Quote the lines of the data below verbatim, beginning at the line that contains "Ravi Dubey Tests" and ending at the last line, both included, and excluding pictures.

> Recorded data:
┌──
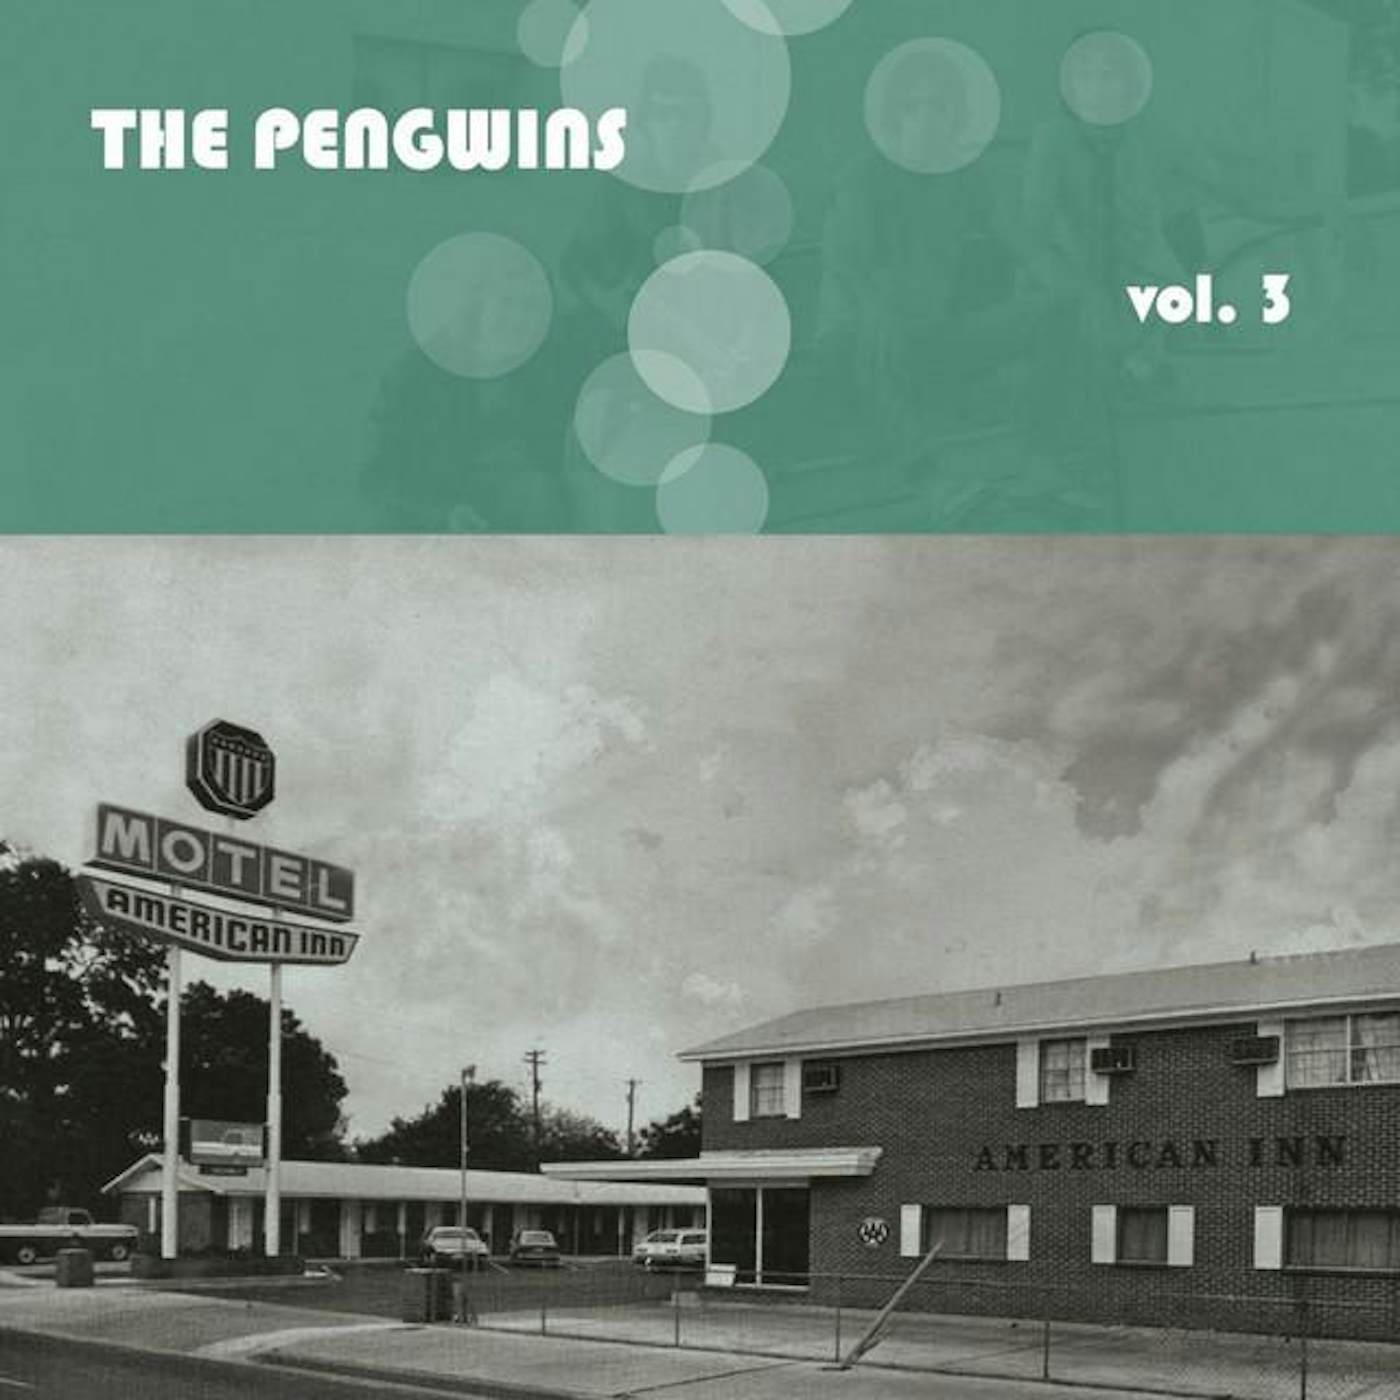 The Pengwins
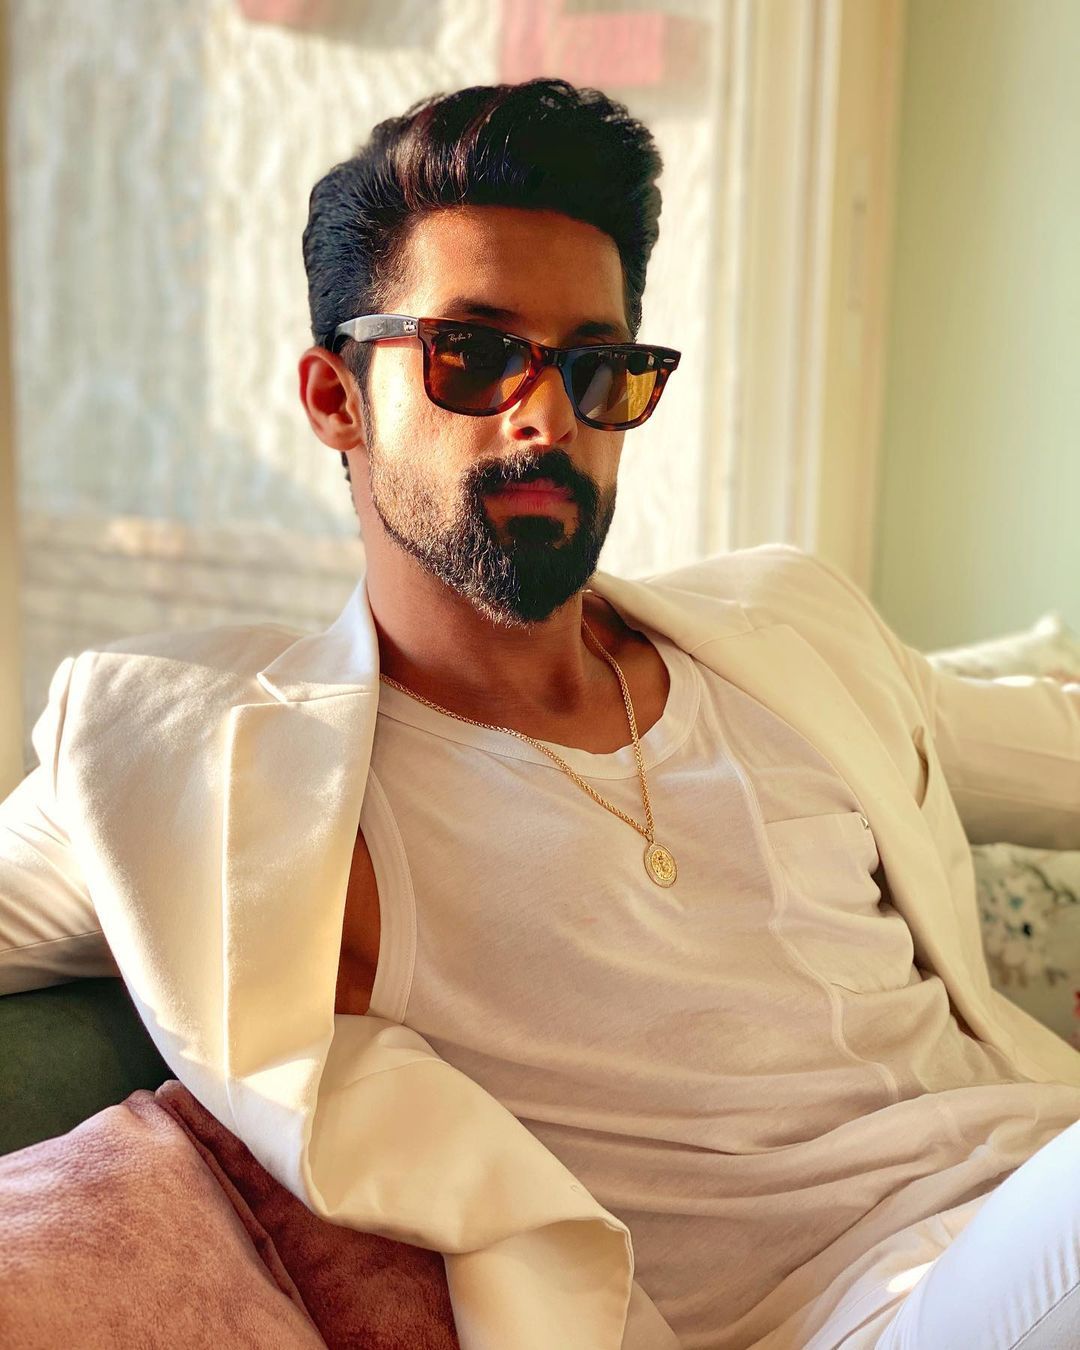 Ravi Dubey Tests Positive For Covid-19 Days After Getting First Jab of Vaccine
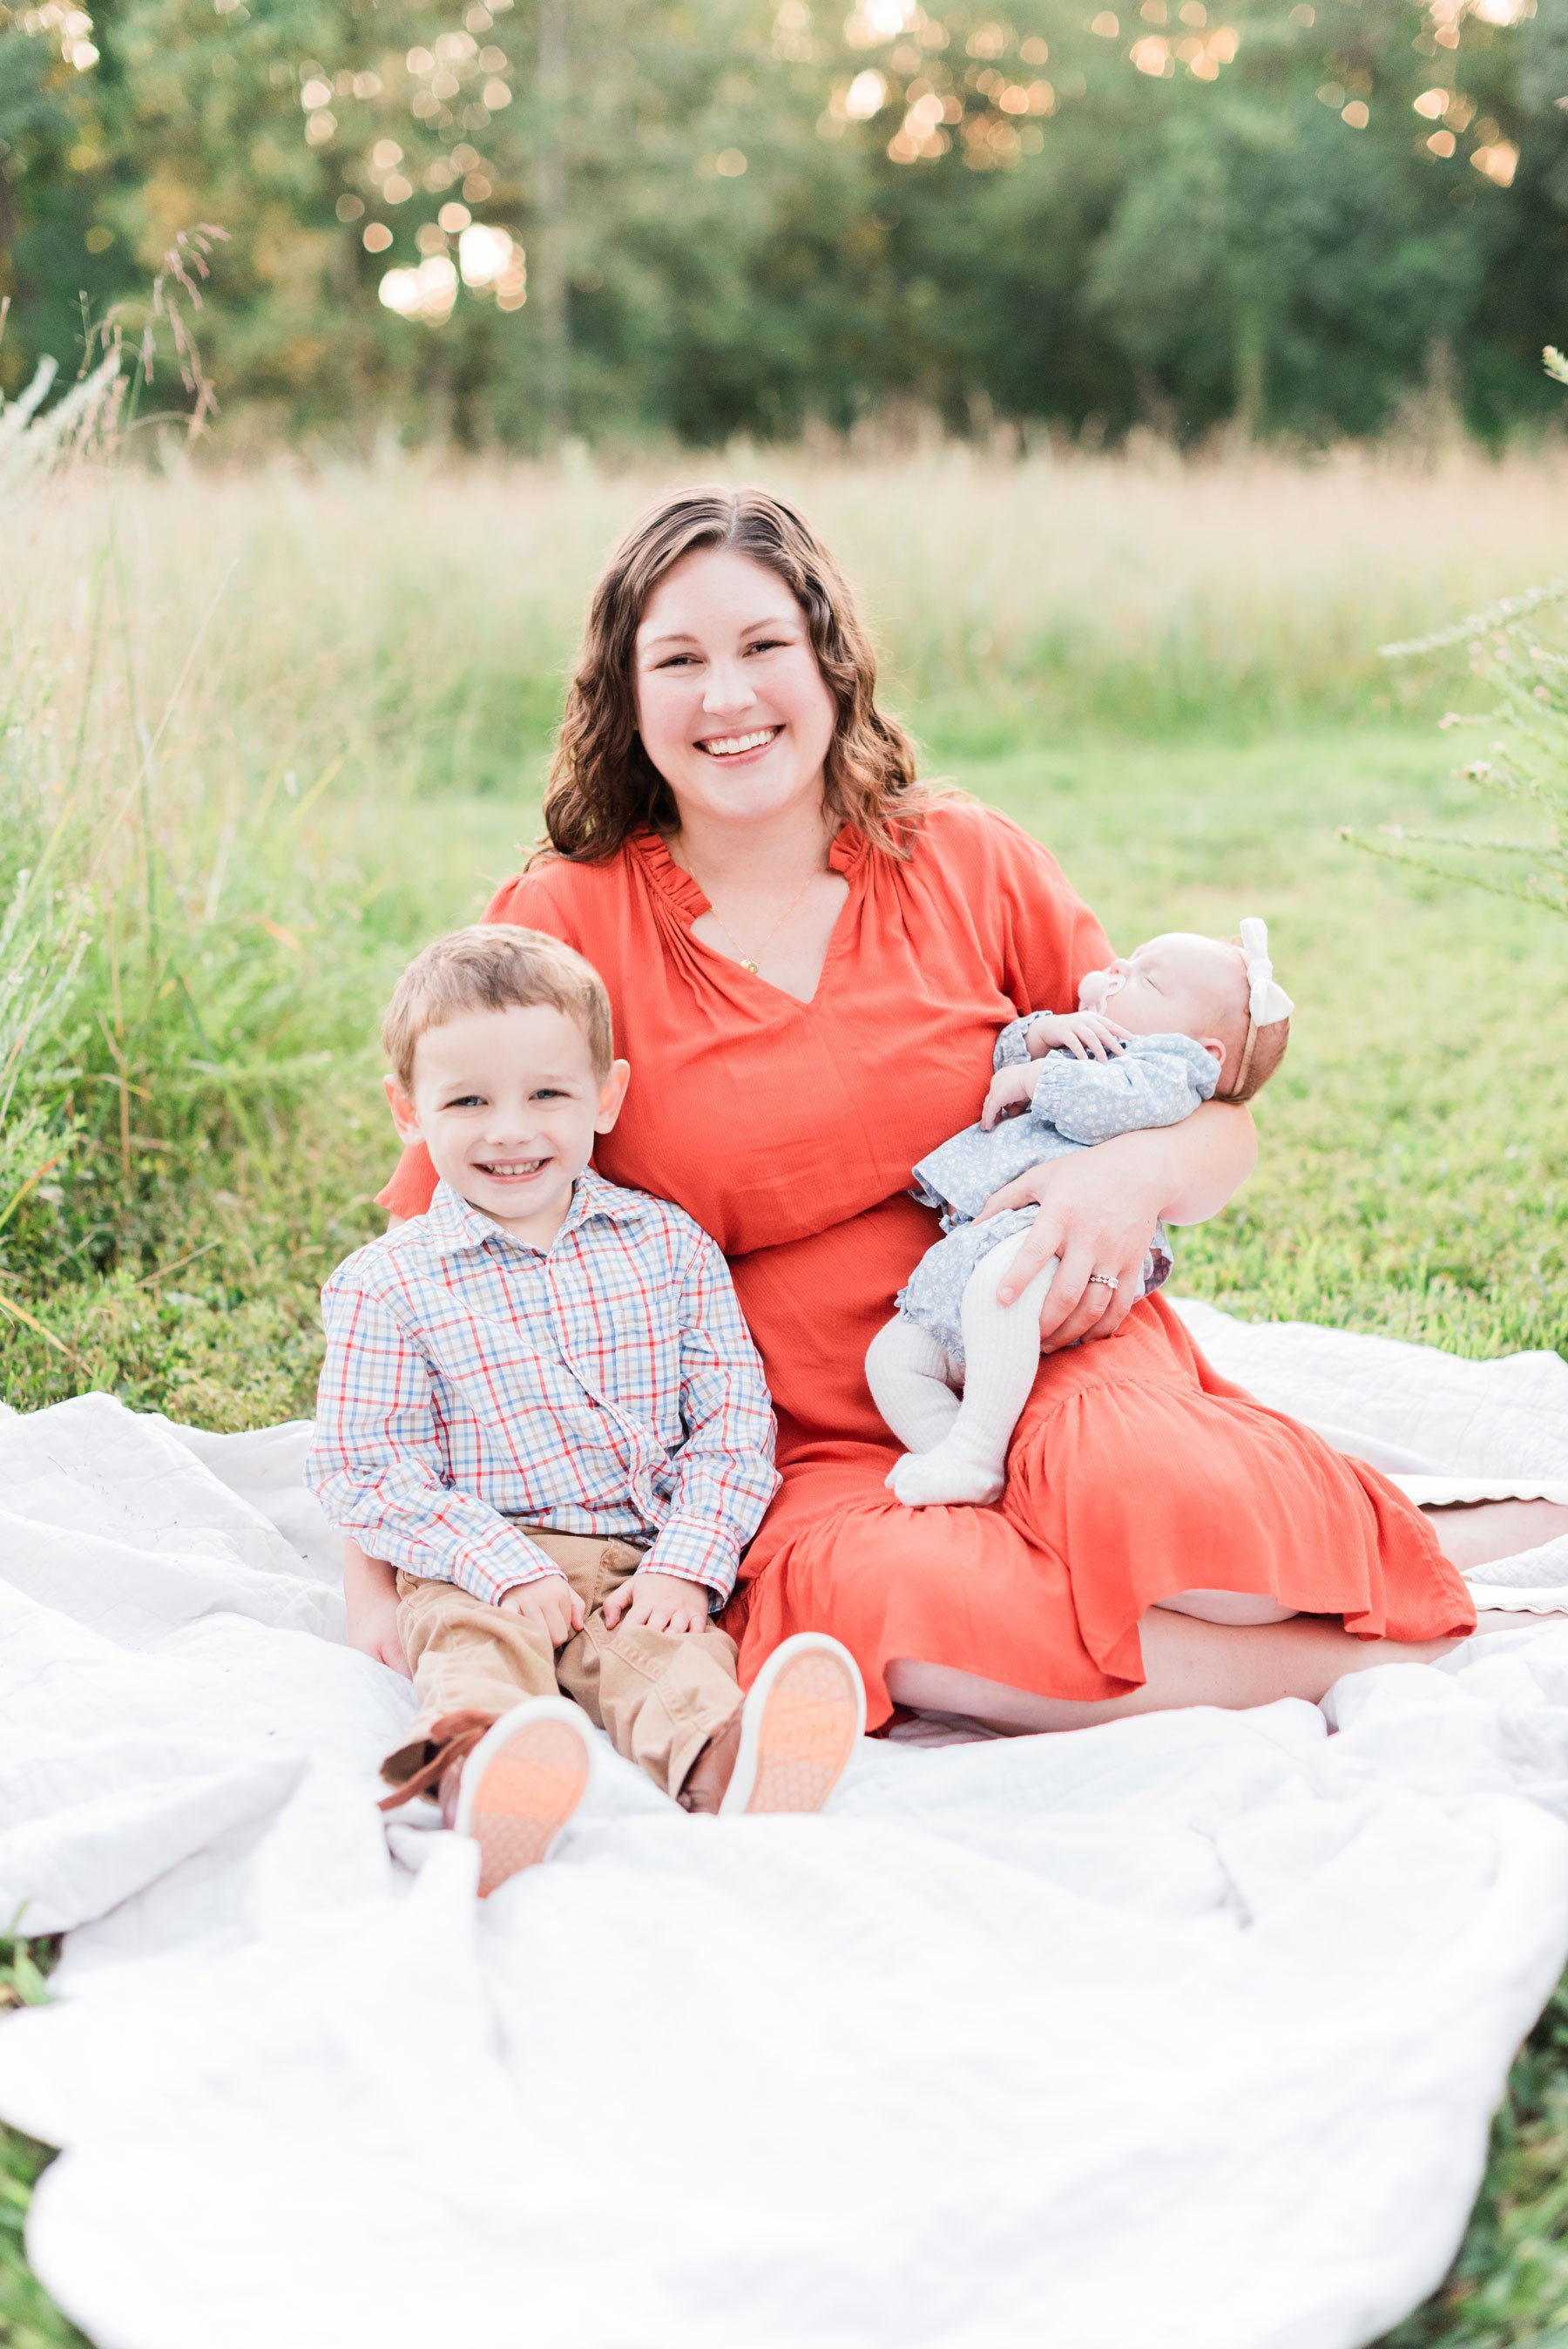    A sweet mom in a red dress poses with her babies during our fall family photo session. #marylandfamilyphotographer #findingafamilyphotographer #familyphotooutfits #semiformalphotooutfits #outdoorfamilysession #photoswithkids #georgiafamilyphotos #
└──
> Written response:
 Ravi Dubey Tests Positive For Covid-19 Days After Getting First Jab of Vaccine
    A sweet mom in a red dress poses with her babies during our fall family photo session. #marylandfamilyphotographer #findingafamilyphotographer #familyphotooutfits #semiformalphotooutfits #outdoorfamilysession #photoswithkids #georgiafamilyphotos #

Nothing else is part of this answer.